**BRIEF:** Go through the listing below and retype exactly the lines starting at the one with "Baby gourmet logo-01.png" and ending at the one with "17 Badges - Badges & Stickers Web Elements", skipping pictures.
::: DATASET EXCERPTS
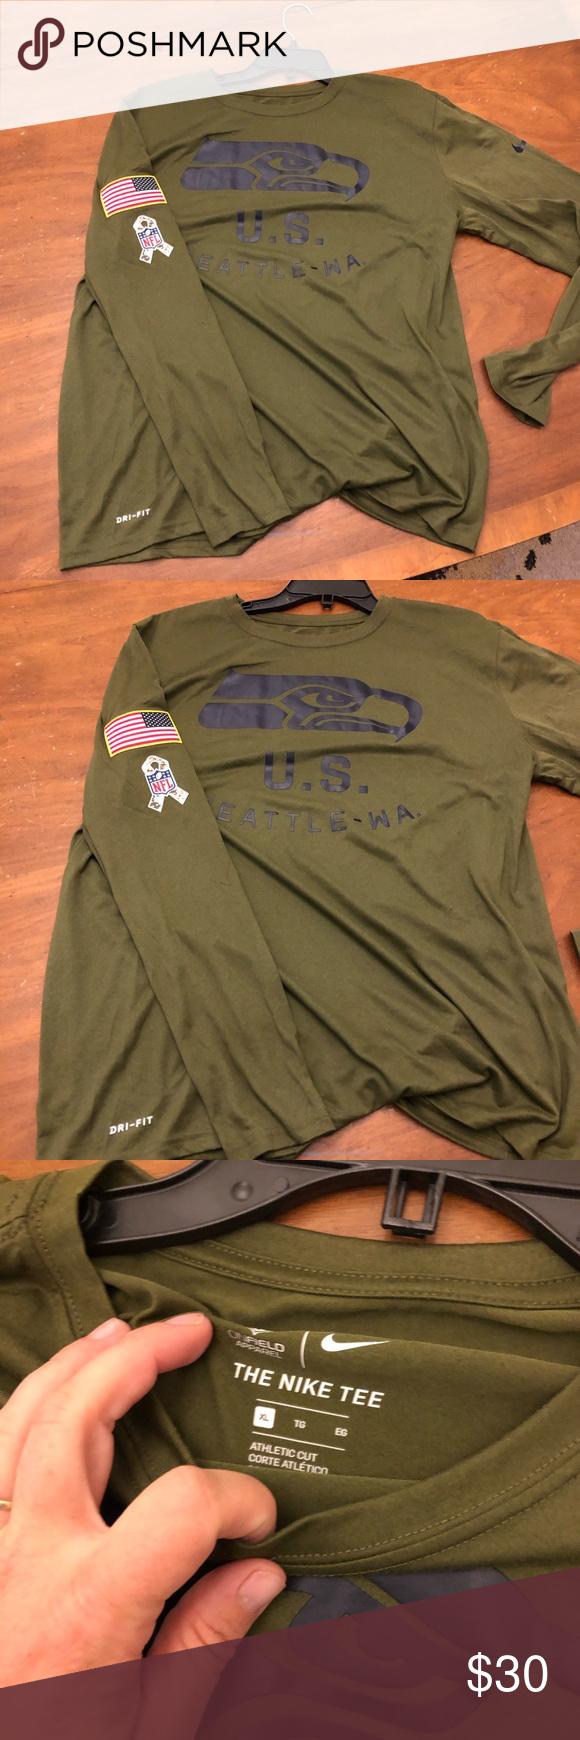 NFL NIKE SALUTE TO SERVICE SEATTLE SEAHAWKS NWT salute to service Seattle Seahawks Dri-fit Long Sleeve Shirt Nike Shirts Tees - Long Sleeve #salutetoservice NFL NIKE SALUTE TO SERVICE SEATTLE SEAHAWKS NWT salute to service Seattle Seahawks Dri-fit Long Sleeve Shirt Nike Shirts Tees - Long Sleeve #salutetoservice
::::::
::: DATASET EXCERPTS
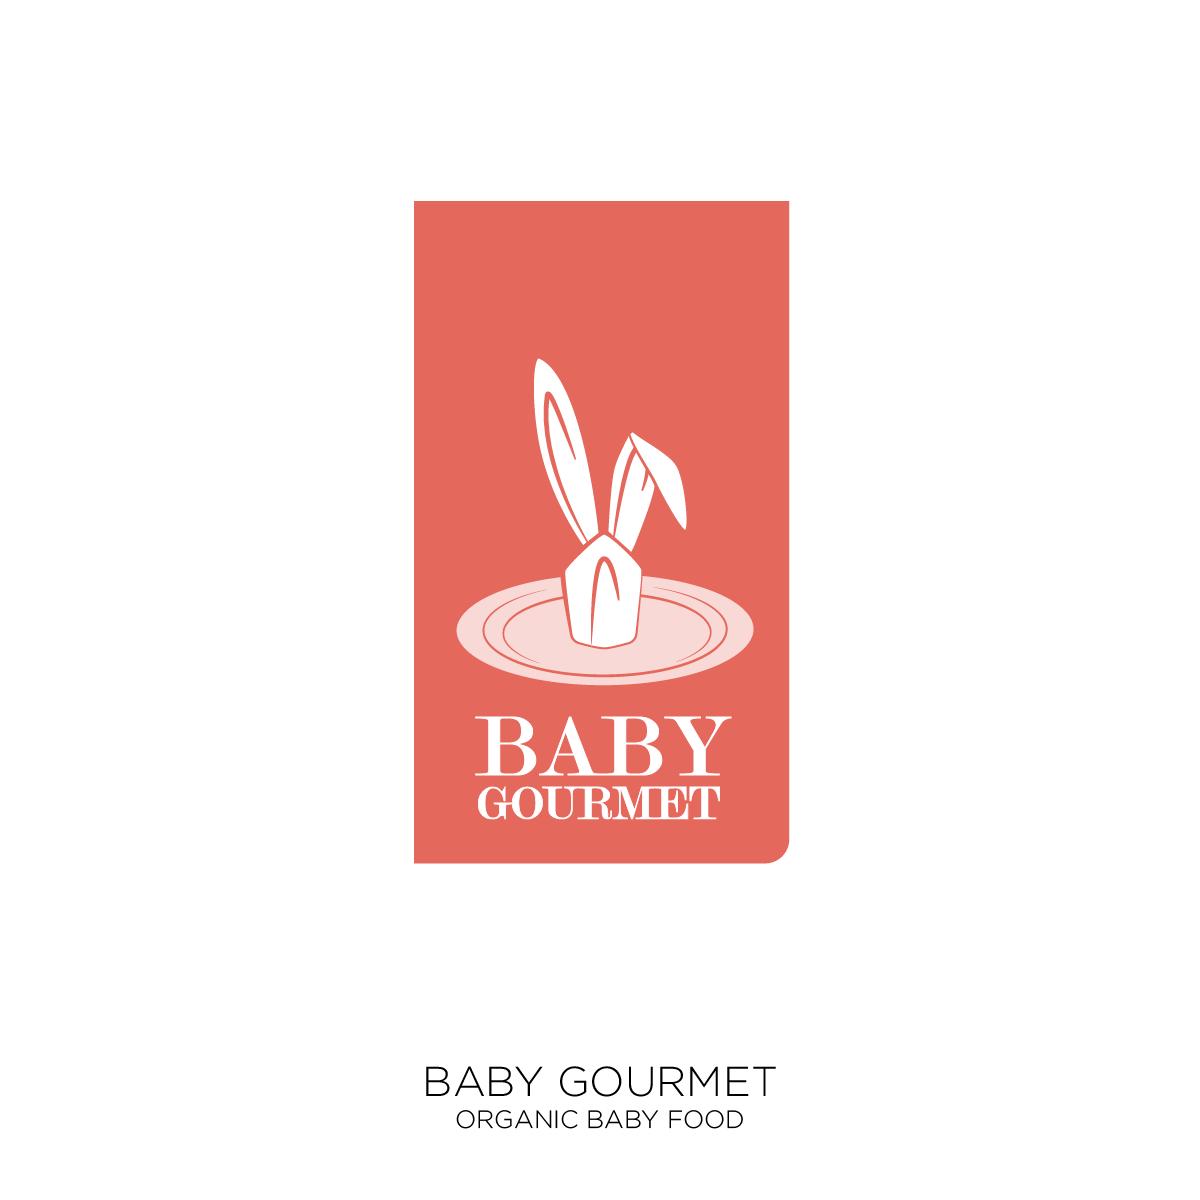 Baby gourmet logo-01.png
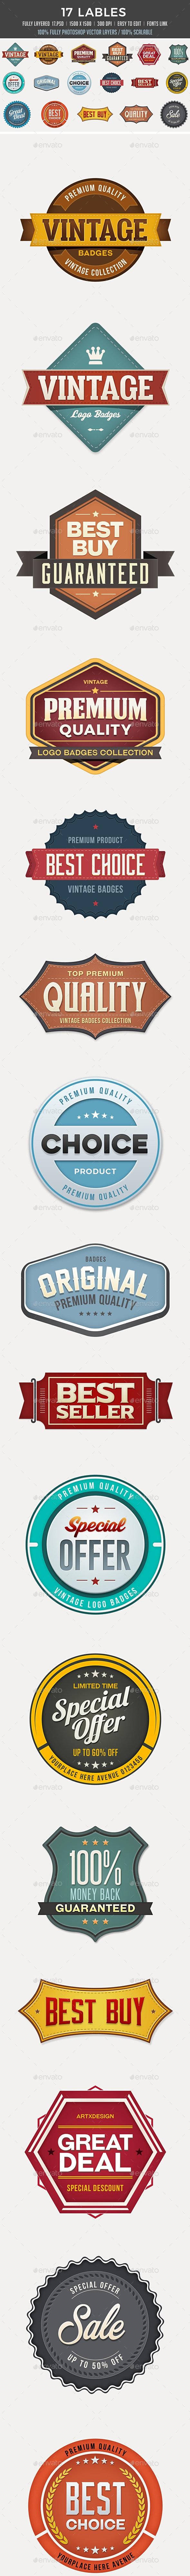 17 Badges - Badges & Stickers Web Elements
::::::
**RESULT OF THIS TASK:**
 Baby gourmet logo-01.png
 17 Badges - Badges & Stickers Web Elements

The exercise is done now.